Purpose: The purpose of this study was to explore the effects of an oral health educational program (OHEP) on knowledge and behavior-specific cognitions and effect in caregivers of preschool children; promote good OH behaviors among caregivers of preschool children; improving OH outcomes, and compare the innovative health-promoting interventions.

Methods: The first intervention was a descriptive quasi-experimental study utilizing a pre-test post-test method, with a convenience sample of 425 Head Start (HS) caregivers from seven program sites in South Florida. The HS enrolled, English speaking family, attended one of 18 oral health educational programs. Research questions addressed the relationship between the oral health educational program and prior related behavior, personal factors, behavior-specific cognitions and affect, knowledge, and intent. Caregivers completed the demographic survey and oral health behavior questionnaire, a knowledge pre-test, then viewed a 16- minute video designed by Colgate, and completed another knowledge post-test. The second intervention was an innovative PowerPoint-style musical program, with the aim of enhancing knowledge retention in caregivers. The OHEP not only provided information on the devastating outcomes of poor OH during the preschool years, but also on preventive OH behaviors and practices. Caregivers completed a demographic questionnaire, a knowledge pre-test, viewed the OHEP, and completed the knowledge post-test. There were two additional post-tests given two weeks apart to evaluate knowledge retention.

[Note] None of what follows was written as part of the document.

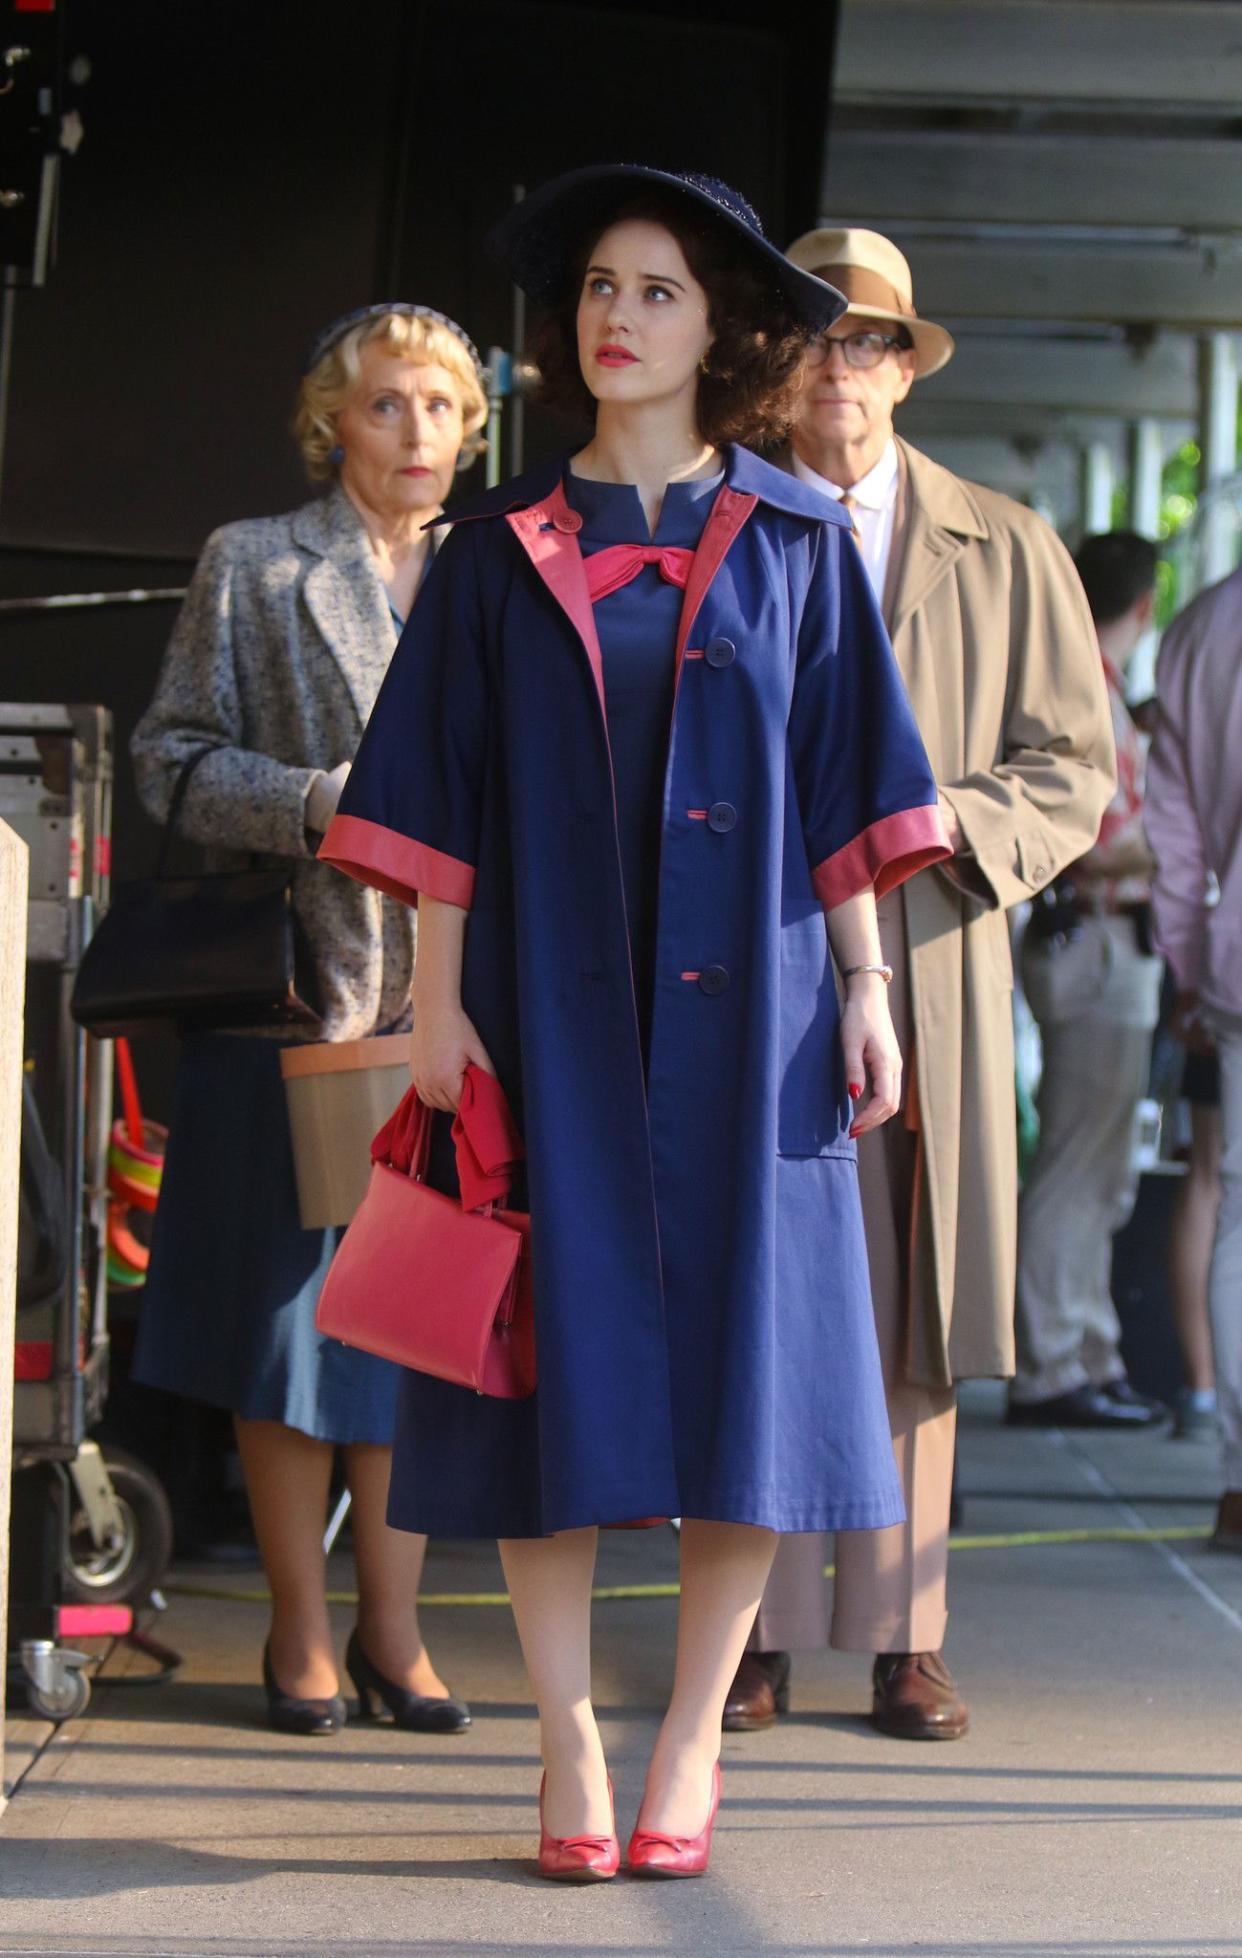 Rachel Brosnahan looks radiant in a navy blue and pink coat and dress, with matching accessories, while filming a scene for "The Marvelous Mrs. Maisel" in New York City on Aug. 15, 2019.

Results: The first intervention showed that there was an overall significant effect on caregivers' prior related behaviors, r = .43, p (two-tailed) < .01; behavior-specific cognitions and affect, r = .43, p (two-tailed) < .01; intention to provide oral health care for their children, r = .27, p (two-tailed) < .01; and post-test for knowledge of oral health care (M = 60.57, SE = .30) compared to pre-test for knowledge (M = 59.03, SE = .26), t (399) = -6.35, p < .01, r = .30). On average, the second intervention showed that there was no significant difference between pre-educational program scores on knowledge M = 43.52 (sd = 3.72) and post-educational program scores M = 44.05 (sd = 3.79), t(16) = -.376, p > .05, r = .71. Additionally, the second post-educational program scores were not significant M = 42.71 (sd = 3.26), t(13) = .485, p > .05, r = .63 nor the third post-educational program scores M = 44.07 (sd = 3.04), t(13) = -.770, p > .05, r = .45.

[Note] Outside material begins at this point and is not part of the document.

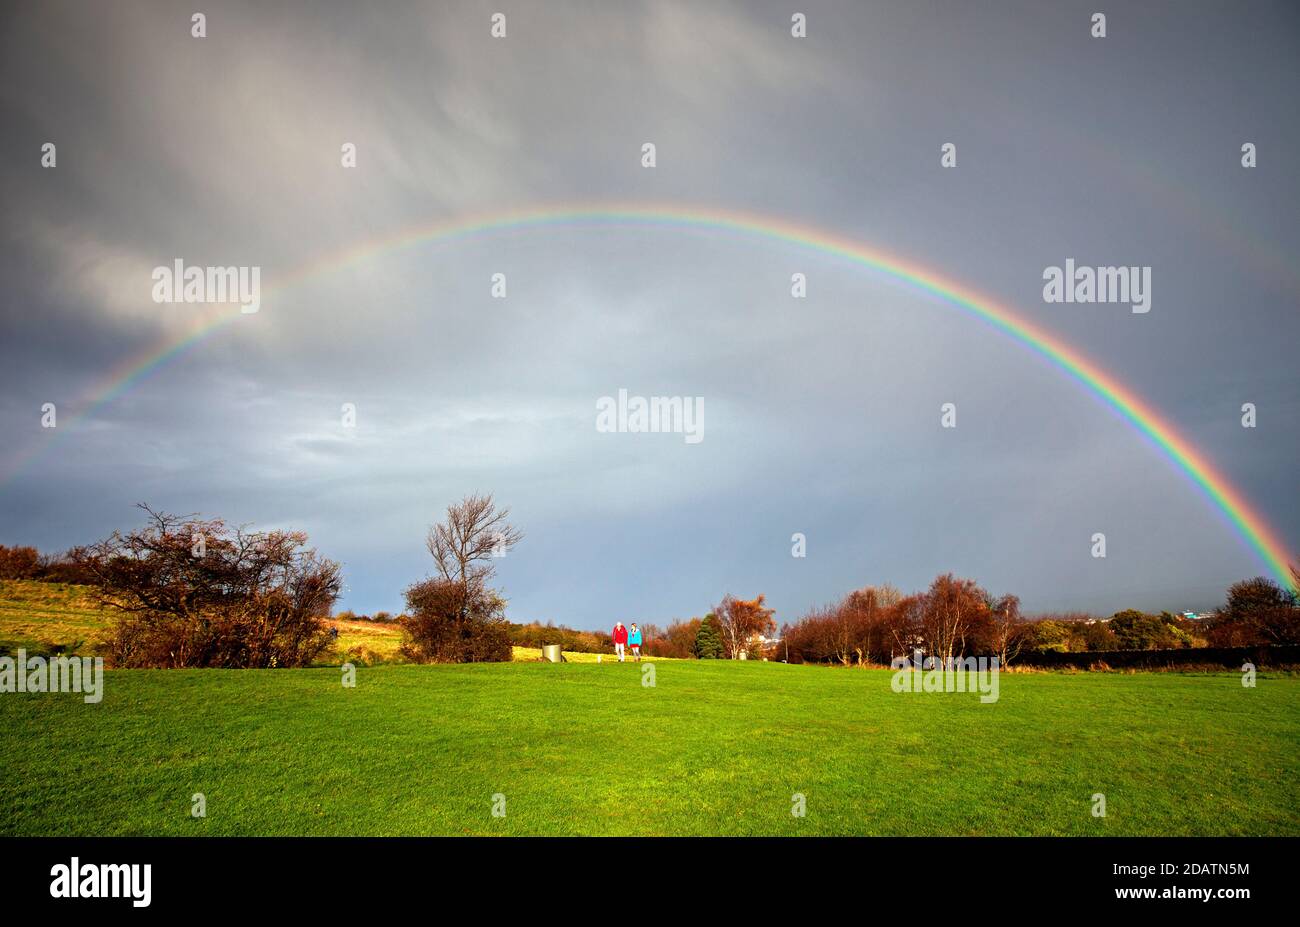 Holyrood Park, Edinburgh, Scotland, UK. 15 November 2020. Beautiful rainbow with the hint of a double above the Scottish capital after a heavy rain shower just before noon, temperature 10 degrees. Credit: Arch White/Alamy Live News. Stock Photo

Conclusions: Educational programs have a positive impact on caregivers to increase knowledge and intent to perform preventive oral health-promoting behaviors in this underserved population. While an oral health educational program is beneficial to its participants, as stated in the review of the literature, the results of this study suggested that this sample was already an educated one, and thus, the improvement from their high level of preexisting knowledge was not significant. Nursing practice will implement educational programs for caregivers and the opportunity to affect governmental policy that supports oral health care services for young children, as indicated by Healthy People 2020.